Students’ criticisms centered on the clarity of the assignment instructions and the lack of unit tests for the programming assignments. For example, “Maybe more examples/tests for the functions we have to write. Some of the exercise descriptions could have been clearer.” Since we have been collecting student feedback for all four iterations of the course and are constantly working to improve the assignments, we find it encouraging that the number of students who cited the instructions as a source of confusion decreases year over year. While we were initially reluctant to provide students with comprehensive unit tests to verify the correctness of their algorithms, assuming that their absence would encourage students to think about how to verify their implementations on their own, in practice, we now believe that providing unit tests is an overall benefit to students. Moving forward, we will likely provide accompanying unit tests in future installments of the course, allowing students to verify their implementations before moving on to the application exercises.

5 Conclusion

Project-based learning can be a great joy for both teachers and students. Here, we proposed a series of assignments in which computer science students learn about molecular biology through the implementation and application of bioinformatics algorithms. The assignments were designed to lead students through the discovery of the structure and function of the SARS-CoV-2virus, where the teacher’s role was to introduce the algorithms, while students used them to find genes and their functions, reason about the origin of the virus, and think about the human immune response triggered by the presence of the virus. The tasks were designed as breadcrumbs that lead students through the story of SARS-CoV-2, allowing them to piece together the intricate puzzle of life’s mechanisms and apply their computational skills to real-world biological challenges.

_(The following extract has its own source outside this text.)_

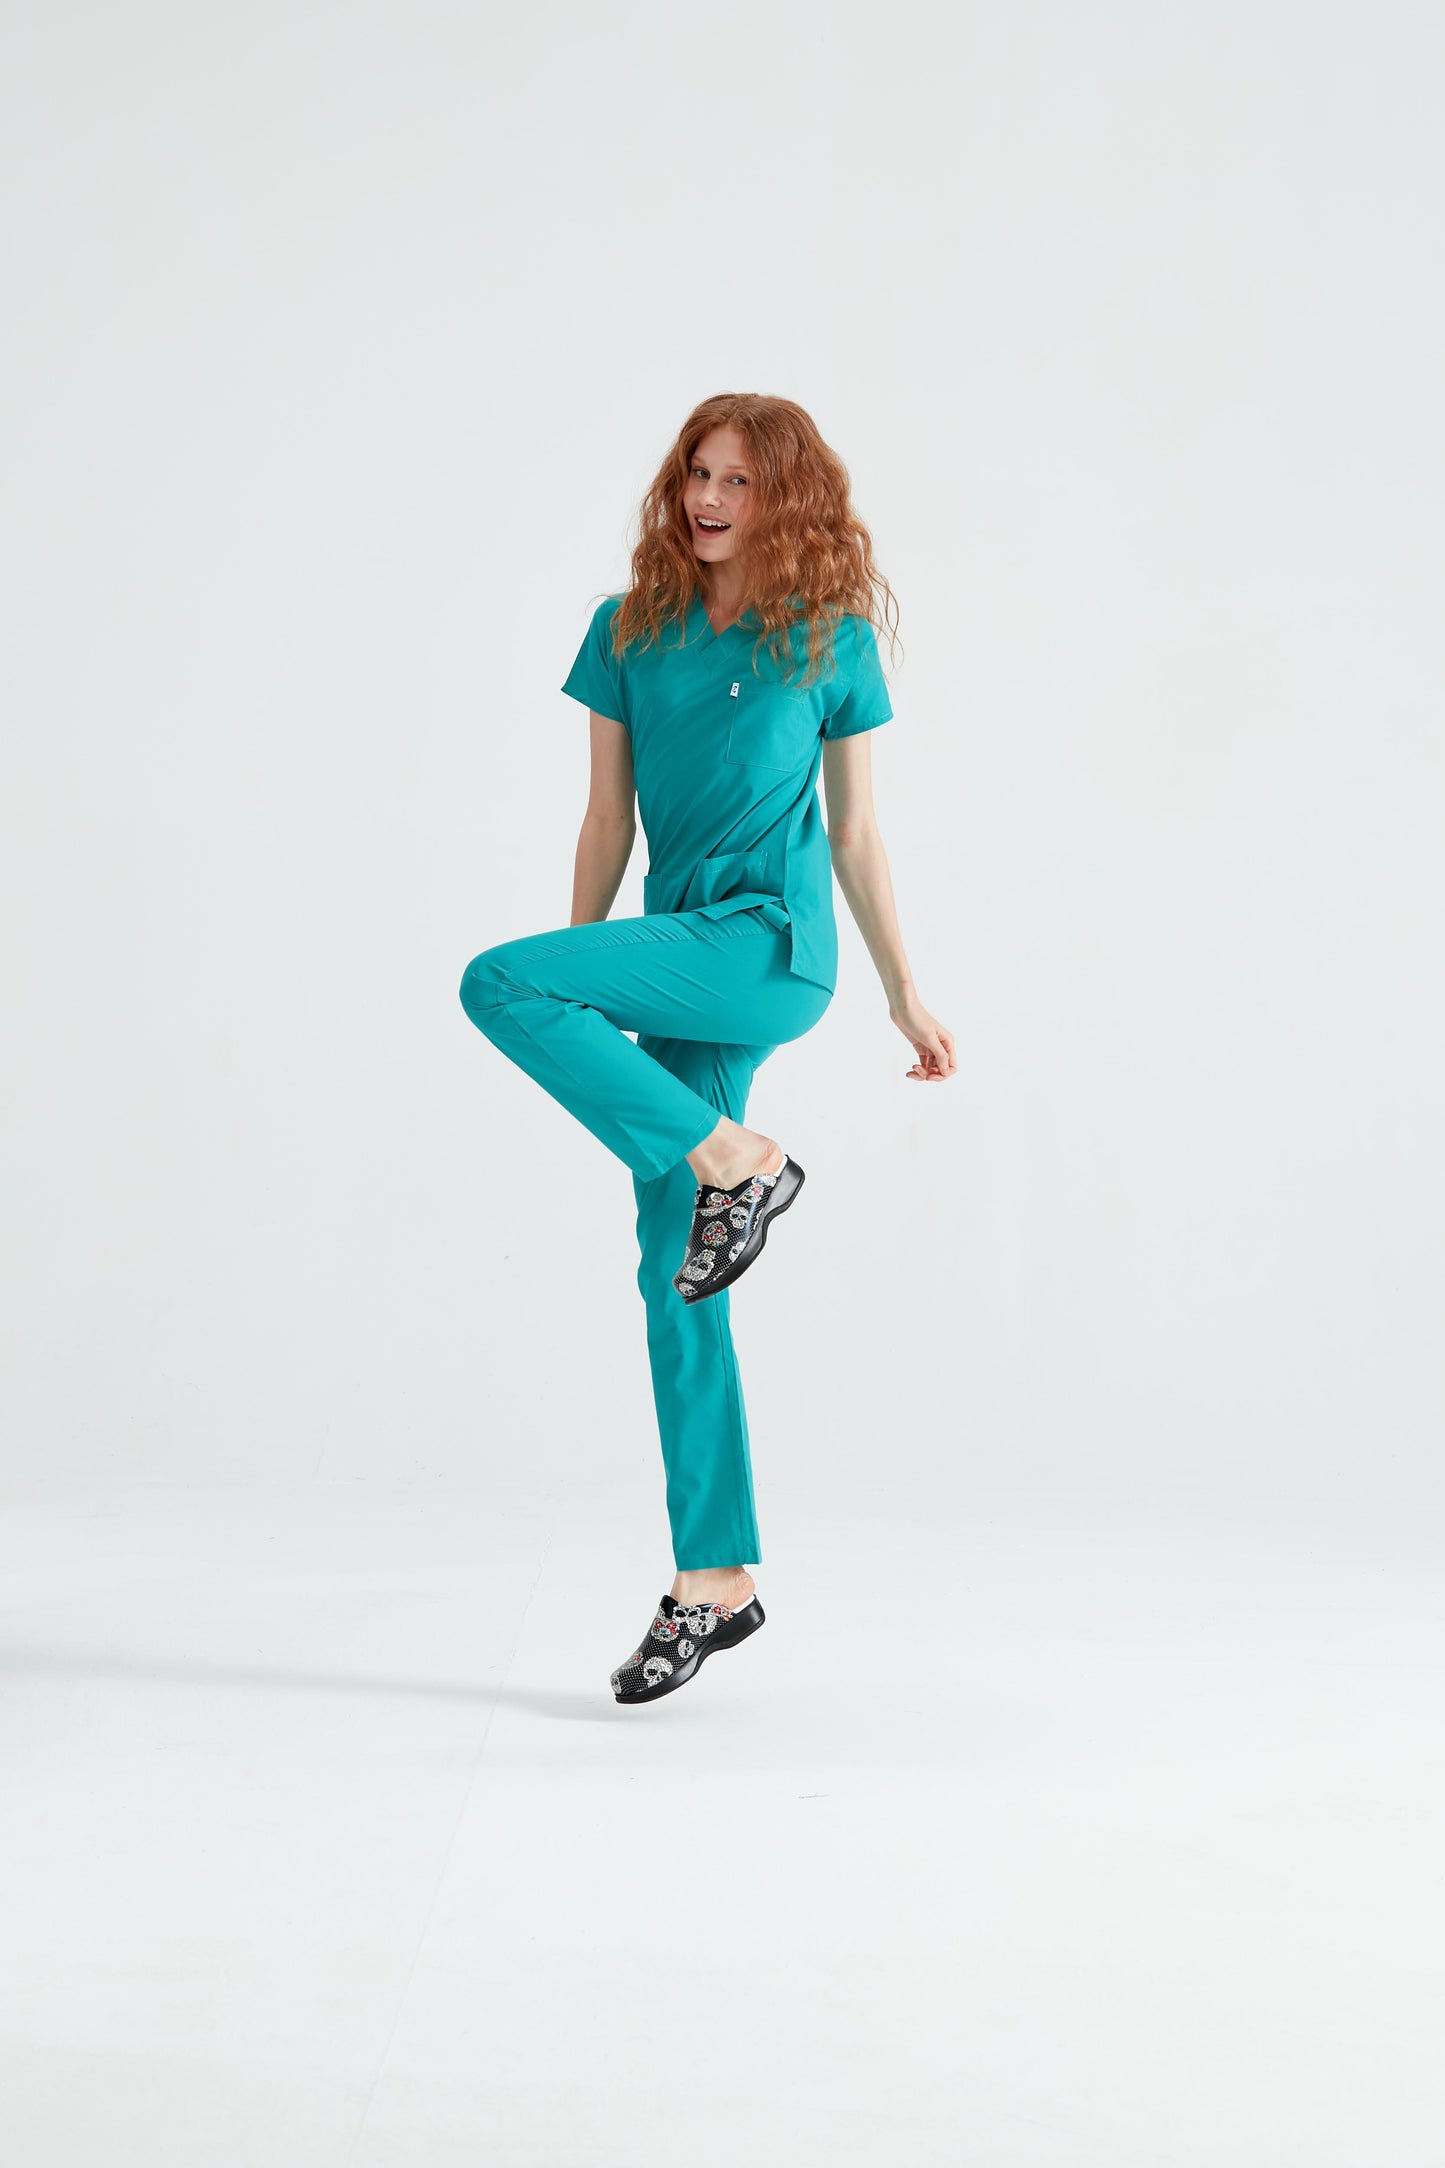 Costum Medical Elastan Verde Chirurgical, Pentru Femei - Model Classic Flex

We, the authors, with much help from our students, have spent over 3 years adapting and refining the assignments proposed above. Every year, we collect student evaluations and opinions on each of the five assignments. Based on this feedback, we have been able to improve both the assignments and related lectures. According to the student evaluations, we have done well: students find the assignments interesting, engaging, and—to the delight of us instructors—sufficiently challenging. However, one of our greatest successes remained almost hidden: through project-based training and data-driven problem-solving, students learn about the world, the importance of data, apply critical thinking, and behave like true scientists. Next to training bioinformaticians, this is our most important achievement.

Contributor Information

Pavlin G Poličar, Faculty of Computer and Information Science, University of Ljubljana, Večna pot 113, 1000 Ljubljana, Slovenia.

Martin Špendl, Faculty of Computer and Information Science, University of Ljubljana, Večna pot 113, 1000 Ljubljana, Slovenia.

Tomaž Curk, Faculty of Computer and Information Science, University of Ljubljana, Večna pot 113, 1000 Ljubljana, Slovenia.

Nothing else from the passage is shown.